- Born: Simon Ezevwo Onwu December 28, 1908 Affa
- Died: 4 June 1969 (aged 60) London
- Parents: Chief Amadi Onwubunta (father); Madam Nwalute Onwubunta (mother);

= Simon Onwu =

Nigerian medical doctor

Simon Ezevuo Onwu , M.D. (28 December 1908 – 4 June 1969) was a Nigerian physician and the first medical doctor from the Igbo ethnic group in Eastern Nigeria whose prominence is credited to have accelerated the formation of the Igbo Union.

== Early life ==
He was born on 28 December 1908 in Affa in Udi Local Government Area of Enugu State. He was the son of Chief Amadi Onwubunta and Madam Nwalute Onwubunta of Amozalla Affa in Udi Local Government Area.

== Education ==

He began his elementary schooling at St. Mary's School, Onitsha where he was brought up as a Catholic. He then attended the Wesley Boys' High School Lagos, but later transferred to King's College Lagos. However, he did not complete his secondary education in Lagos for in 1924 he accompanied Chief Onyeama Onwusi of Eke as his personal confidant on an extended trip of the United Kingdom. He returned to Britain in 1925 to study  and in 1927 obtained his London Matriculation Certificate. Later that year he went to University of Edinburgh Medical School and obtained the degrees of MB and ChB in July 1932, therefore becoming the first medical doctor from the Igbo ethnic group in Eastern Nigeria. He also obtained the Diploma in Tropical Medicine and Hygiene from the University of Liverpool in 1932. After that he went to Coombe Hospital in the Republic of Ireland and got his Licentiate in Midwifery.

== Career ==
Simon Onwu returned to Nigeria in 1933 and joined the Colonial Civil Service as a junior medical officer in Port Harcourt where he spent the next two years. His return to Eastern Nigeria coincided with the emergence of political activities among Igbos in the new urban setting of colonial Nigeria. It is on record that the first time in which Port Harcourt's Igbos acted in concert and upon awareness of their common linguistic and cultural heritage was the occasion of the "welcome home" reception held for Onwu by prominent Igbos there. The success of the Port Harcourt reception was instrumental in the decision to transform the Reception Committee into a permanent Igbo Union in Port Harcourt. His return also inspired the formation of similar cultural organisations in Lagos and elsewhere in the country. He worked as a medical officer in different parts of Nigeria for the next 27 years. In 1948, he returned to Britain for a postgraduate course and in 1950 became Senior Medical Officer in Aba. He was promoted two years later to the grade of deputy director of Medical Services in the Eastern Region. In 1957, he became the first African Director of Medical Services in Eastern Region, holding the post along with that of Permanent Secretary in the Ministry of Health until he retired from the Public Service in 1963.

== Honours and awards ==
In 1953, Onwu was awarded the Coronation Medal and in 1954 and 1956 Queen Elizabeth II of the United Kingdom created him an Officer of Order of the British Empire (OBE) and Member of the Royal Vatican Order respectively in recognition of his contributions and achievements. In recognition of his devout life as a Catholic, he was awarded the Papal Order of the Knight of Saint Sylvester by Pope Paul VI. In 1968 he was again honoured by the Vatican by having his name enrolled in the Papal Scroll of Honour.

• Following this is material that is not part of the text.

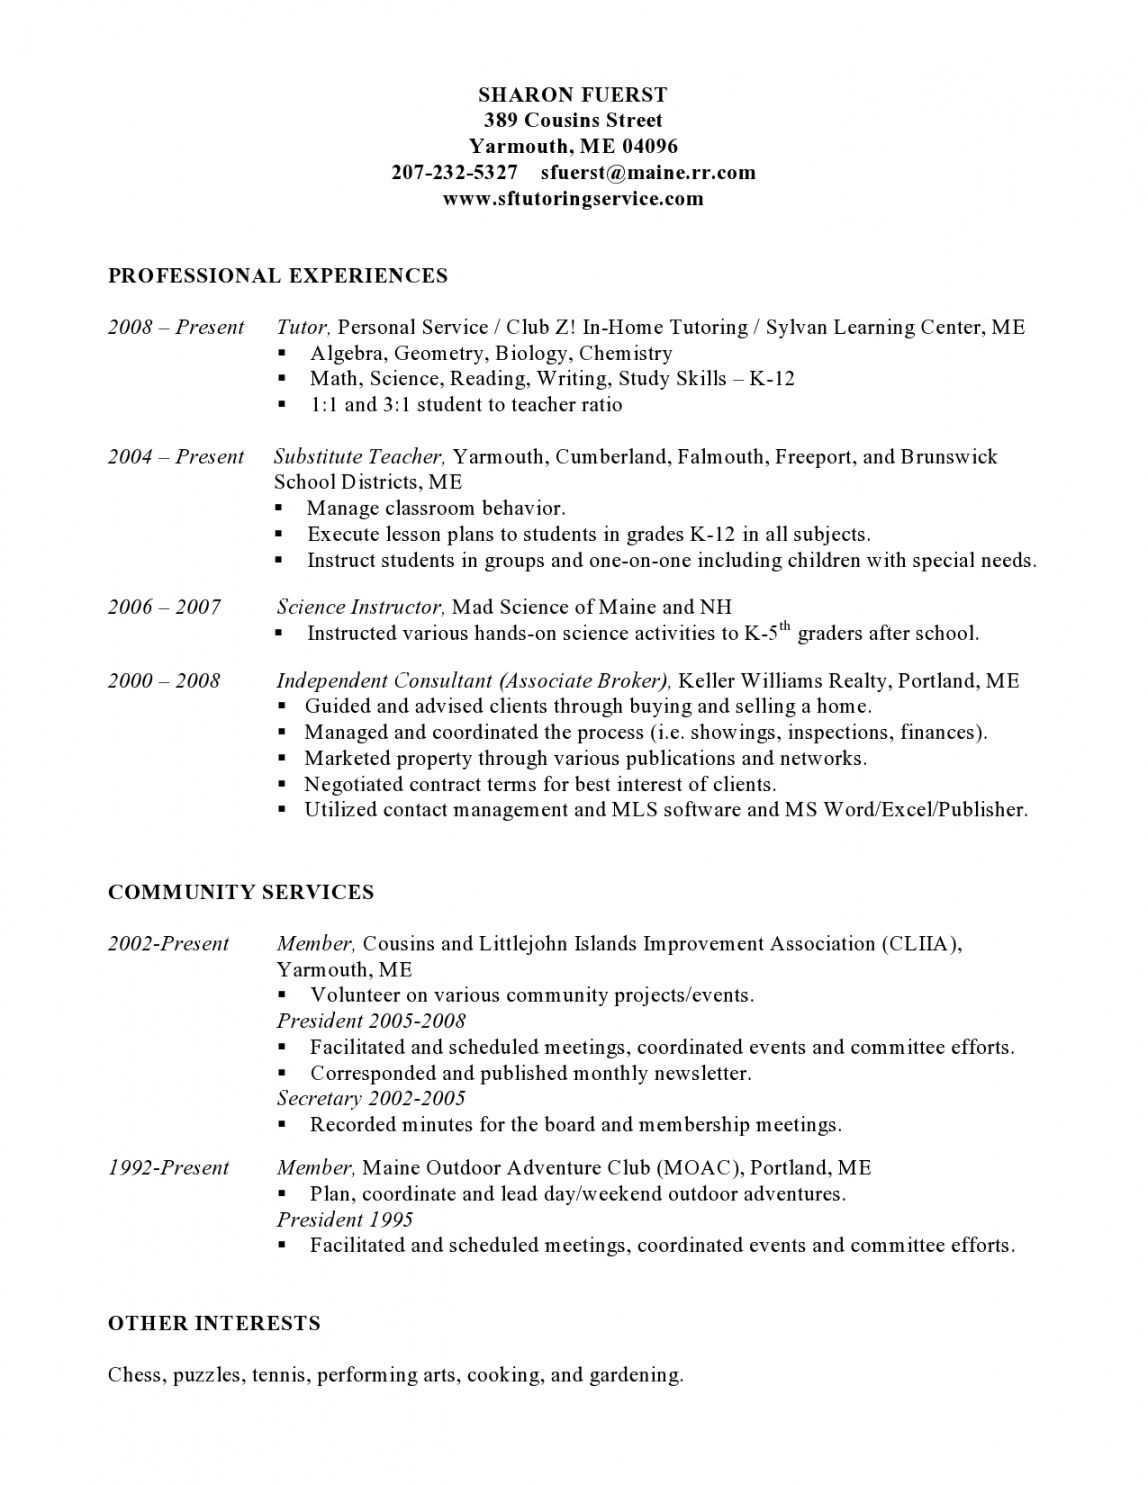 sample about sharon fuerst tutoring proposal template word
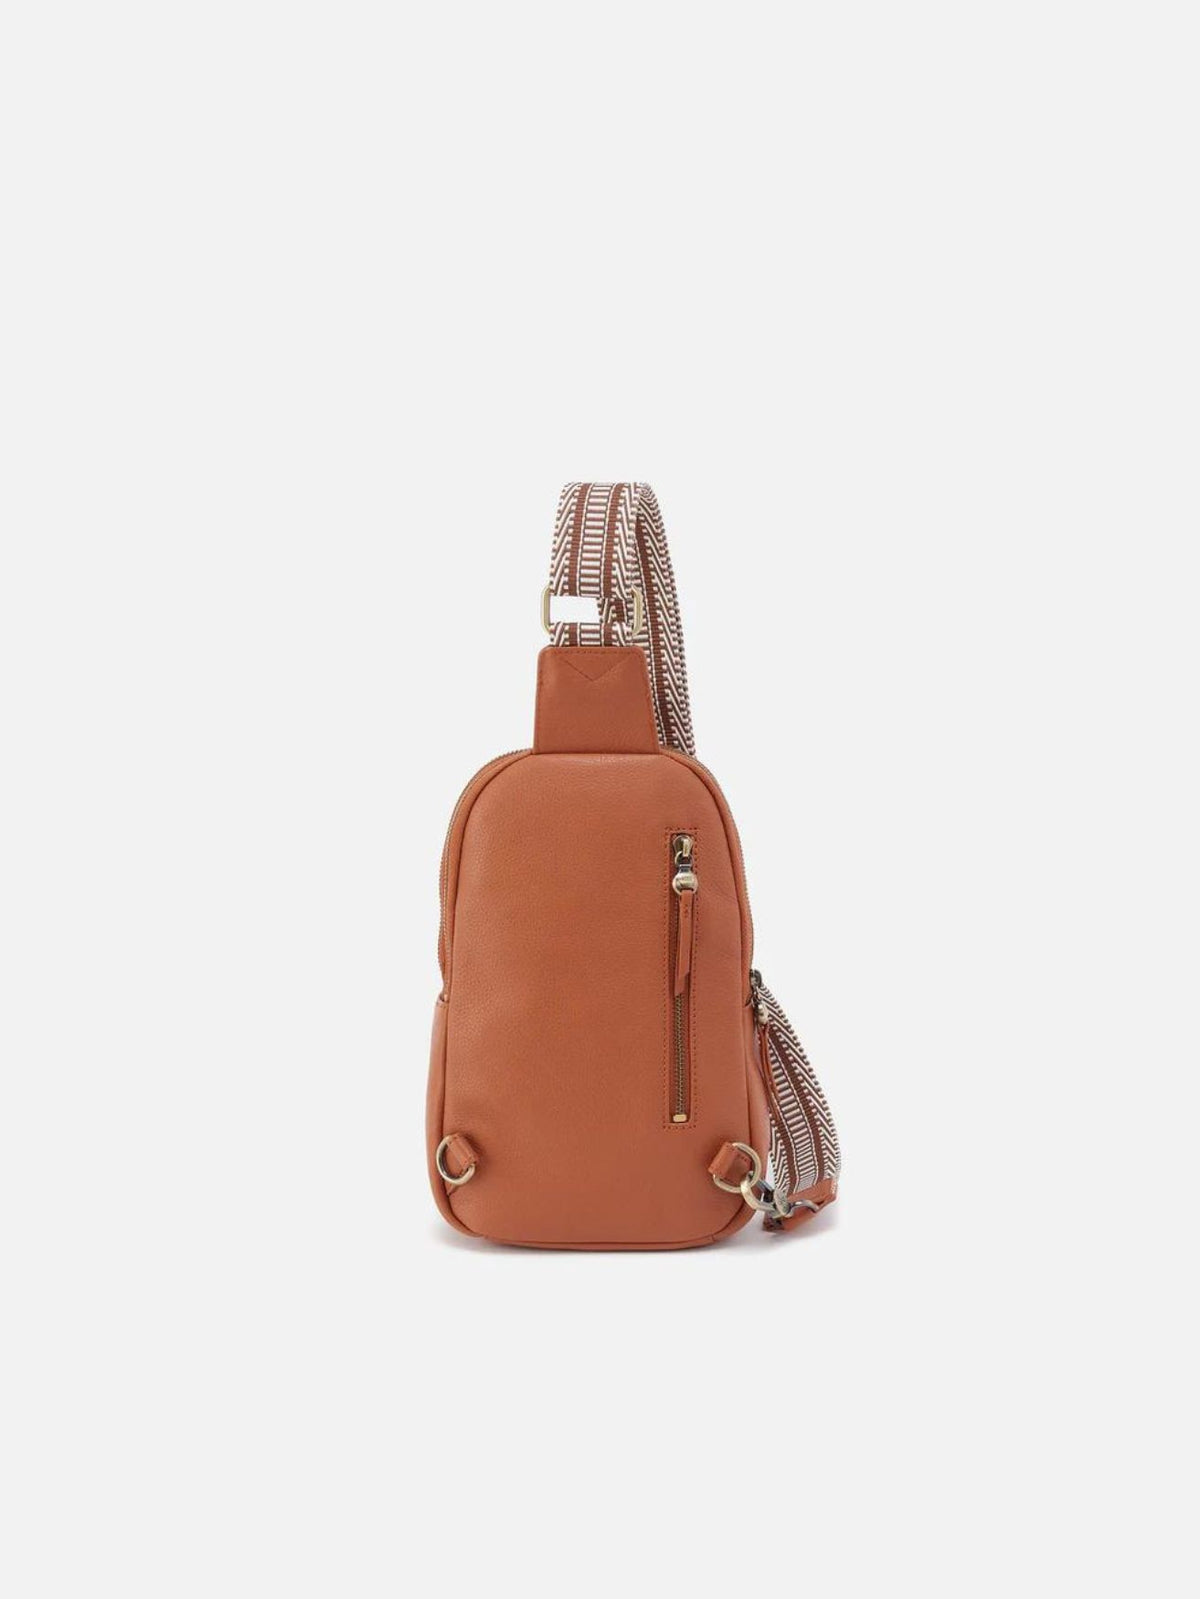 hobo cass pebbled leather sling bag in butterscotch-back

== Later life and death ==
In June 1964, he was appointed Chairman of the Eastern Nigerian Housing Corporation, a post he held until his death. In 1965, he was elected the first African vice-president of the International Union of Building Societies. He travelled extensively visiting the United States of America, USSR, Germany and India under the auspices of the World Health Organisation and representing Nigeria in Many world conferences. He was Chairman of the Red Cross Society, Eastern Nigeria; Chairman of Cosmas and Damain; and Vice-Patron of the Society for the Prevention of Cruelty to Children. During the Nigerian civil war, Dr Onwu had a prolonged illness that made him to travel to London for medical treatment. He died at St Bart's Hospital, London on 4 June 1969.